▶ **SOURCE DATA**:
*** Block opens ***

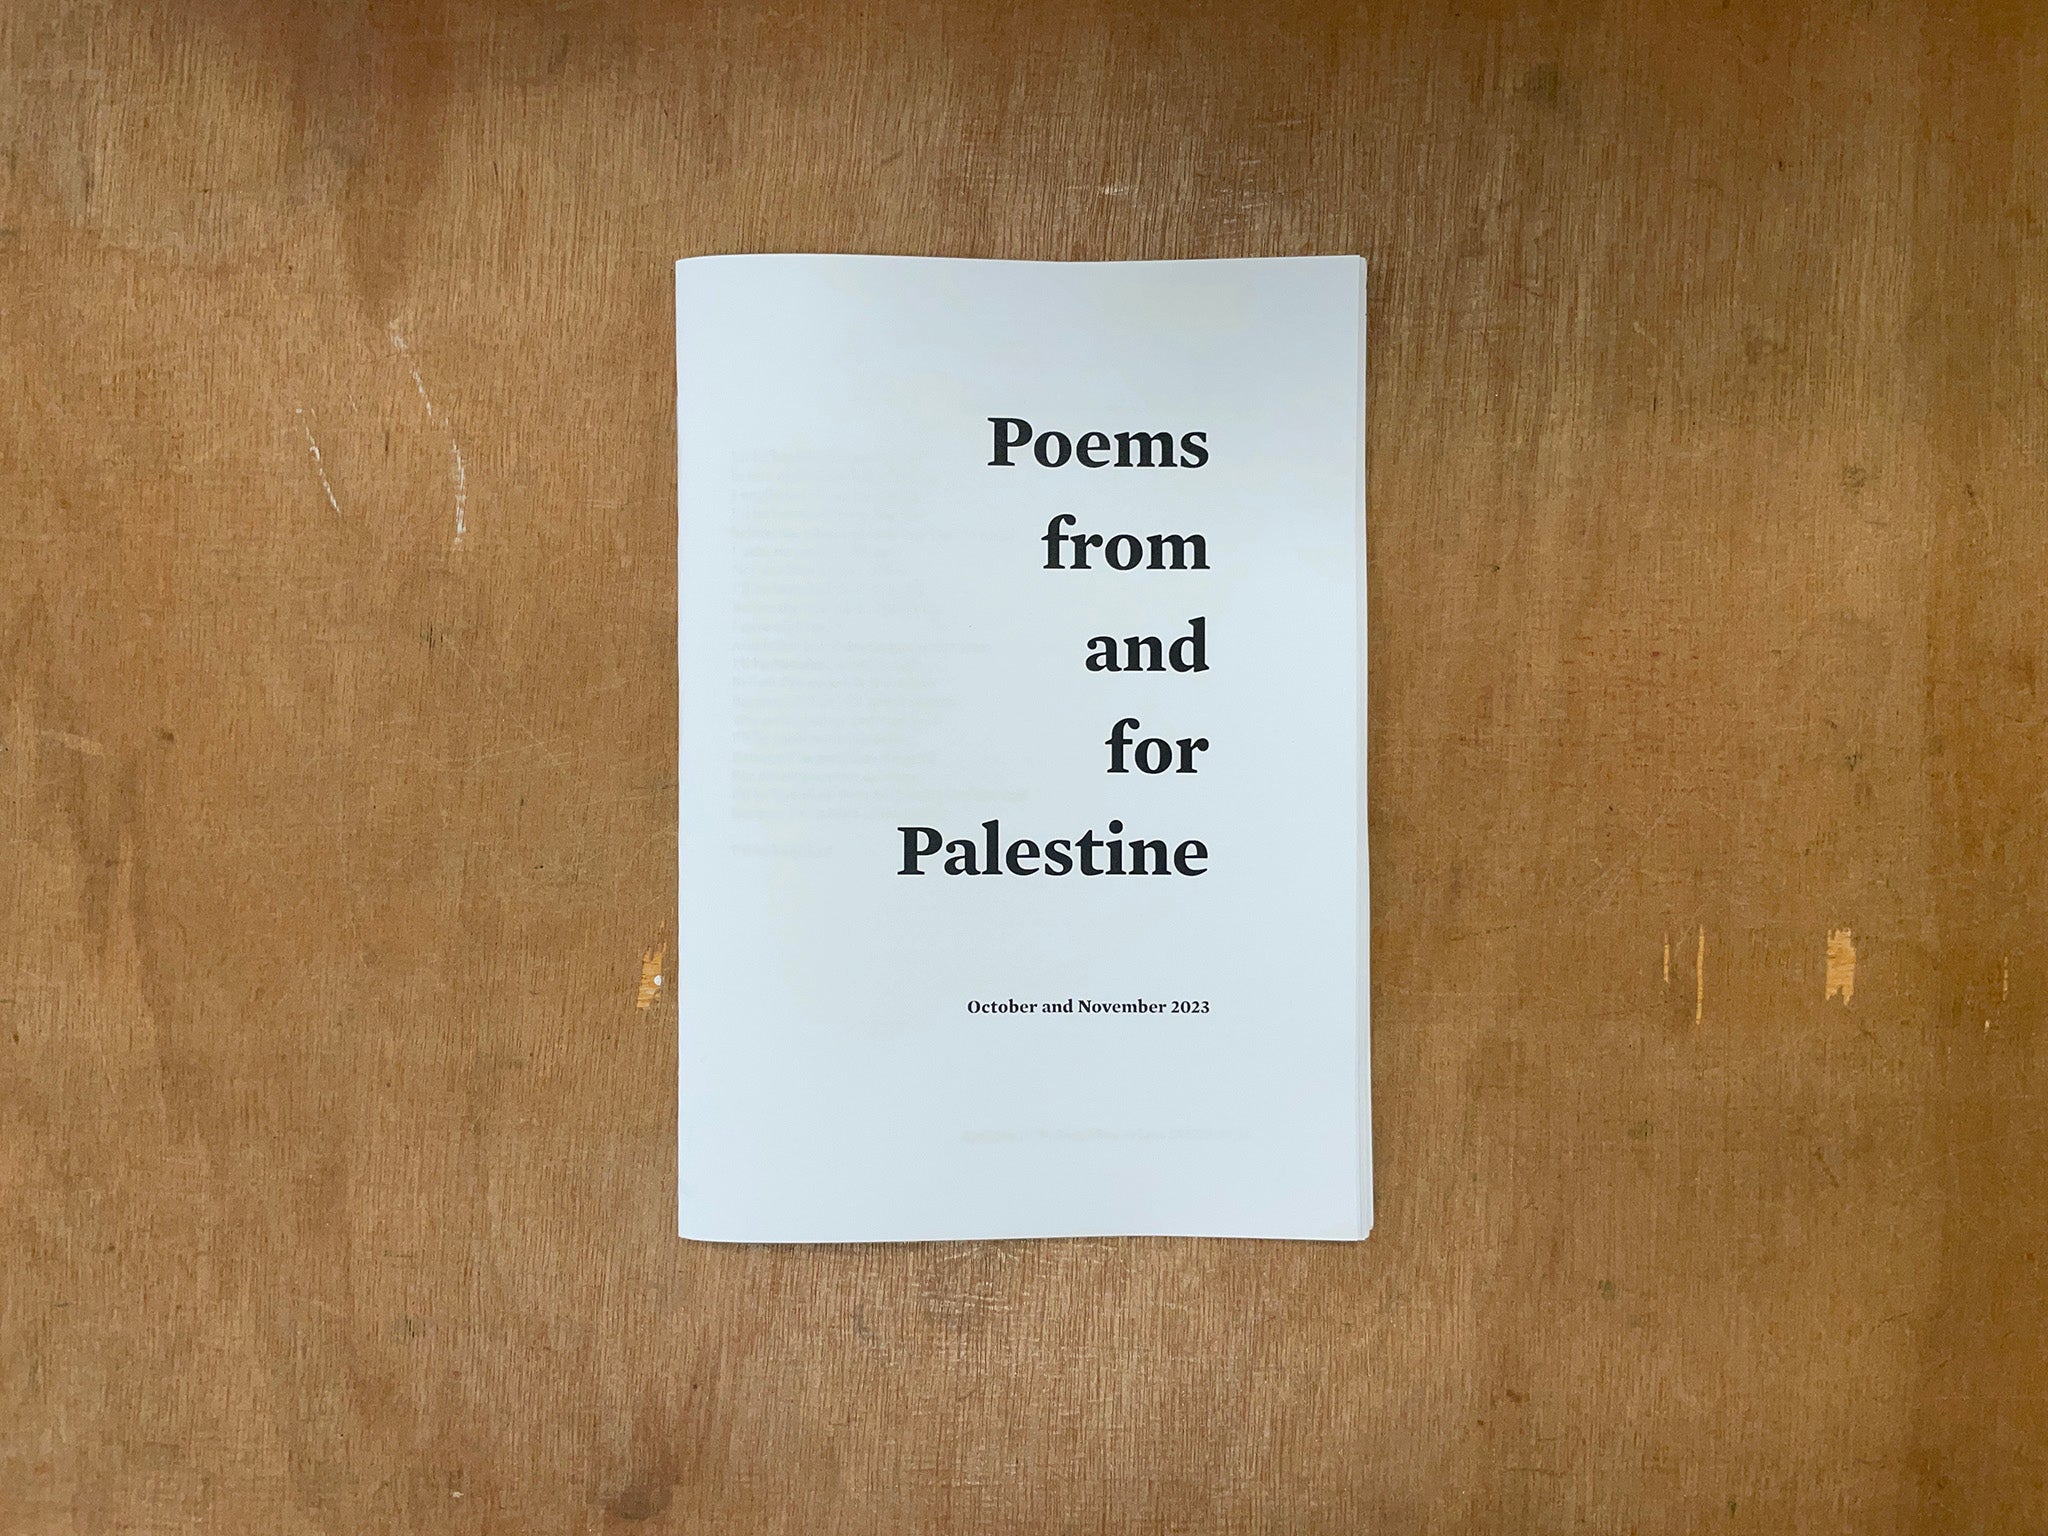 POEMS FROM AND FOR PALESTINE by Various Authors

*** Block closes ***
*** Block opens ***

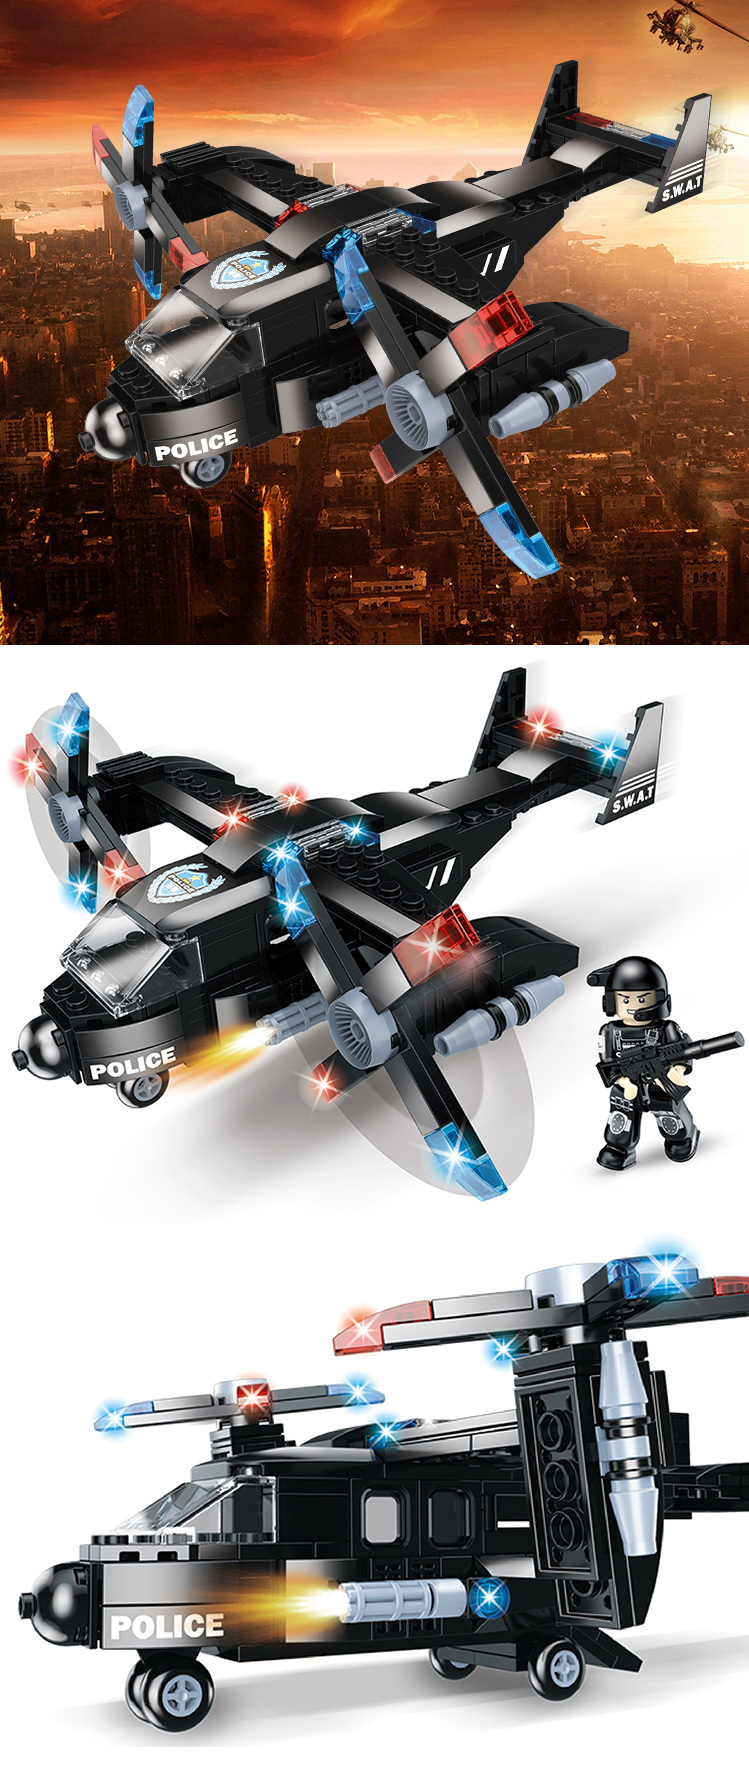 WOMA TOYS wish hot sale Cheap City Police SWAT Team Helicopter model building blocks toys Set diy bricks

*** Block closes ***
*** Block opens ***

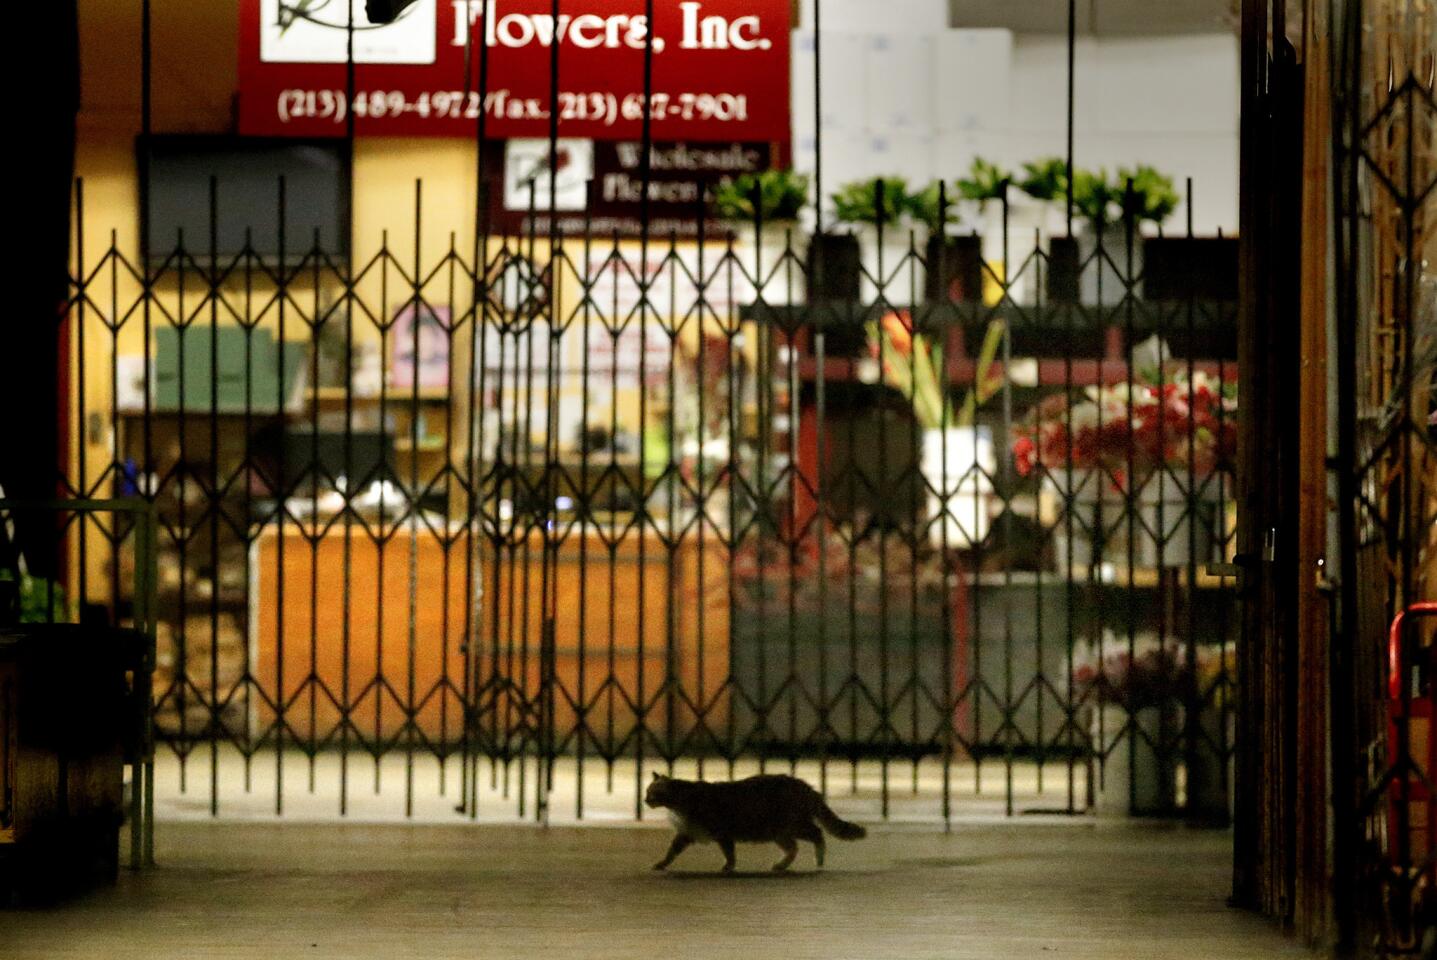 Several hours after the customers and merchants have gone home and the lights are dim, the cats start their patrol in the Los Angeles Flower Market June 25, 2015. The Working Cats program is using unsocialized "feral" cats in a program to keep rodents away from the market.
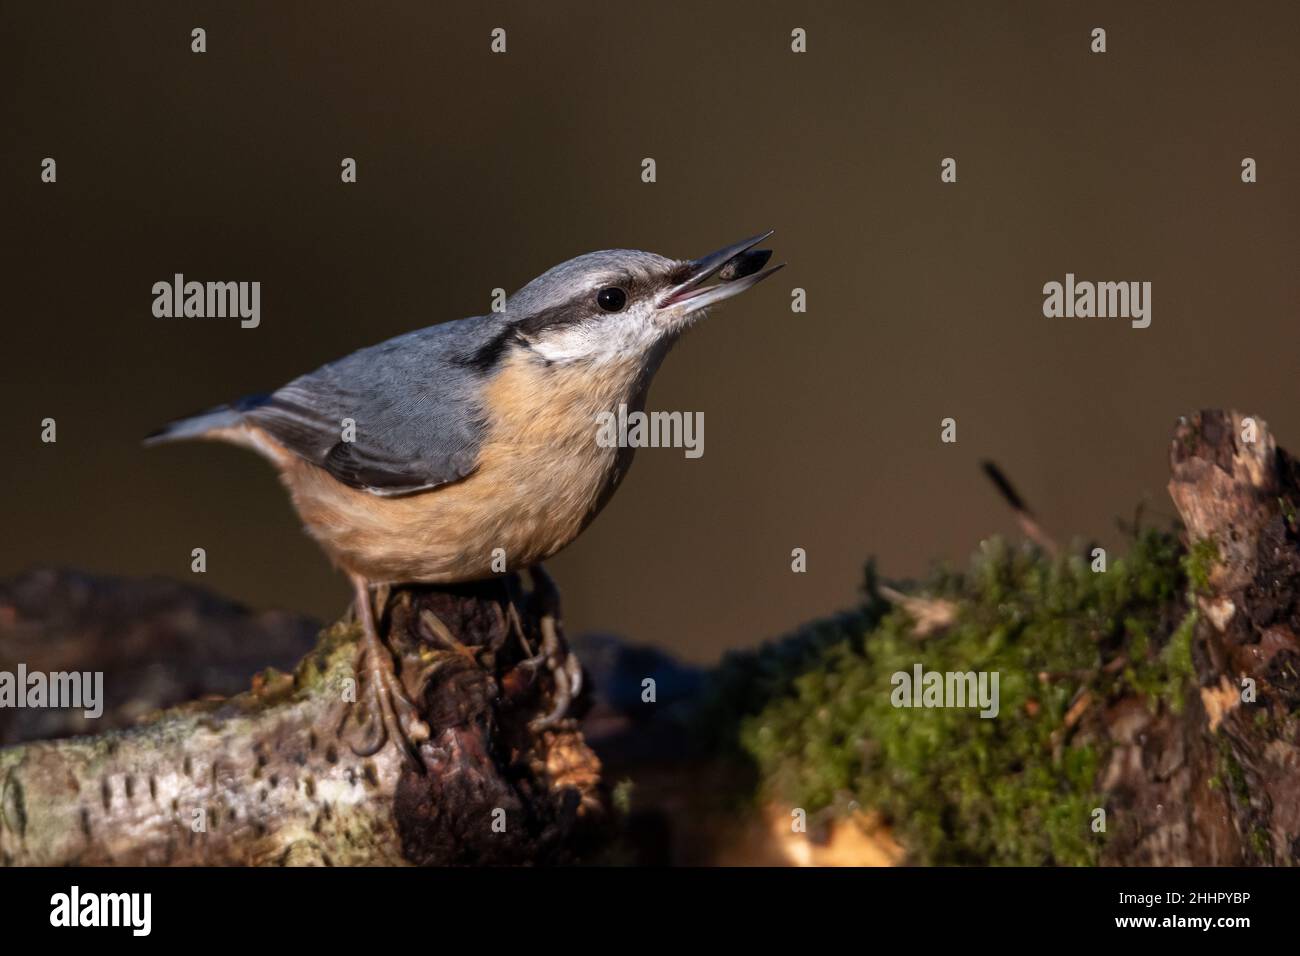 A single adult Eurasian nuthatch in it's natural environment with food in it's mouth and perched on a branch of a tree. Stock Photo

*** Block closes ***

Starting at the line above that has "Several hours after" and ending at the line that has "A single adult", copy each line exactly, leaving the pictures out and adding nothing.

 Several hours after the customers and merchants have gone home and the lights are dim, the cats start their patrol in the Los Angeles Flower Market June 25, 2015. The Working Cats program is using unsocialized "feral" cats in a program to keep rodents away from the market.
 A single adult Eurasian nuthatch in it's natural environment with food in it's mouth and perched on a branch of a tree. Stock Photo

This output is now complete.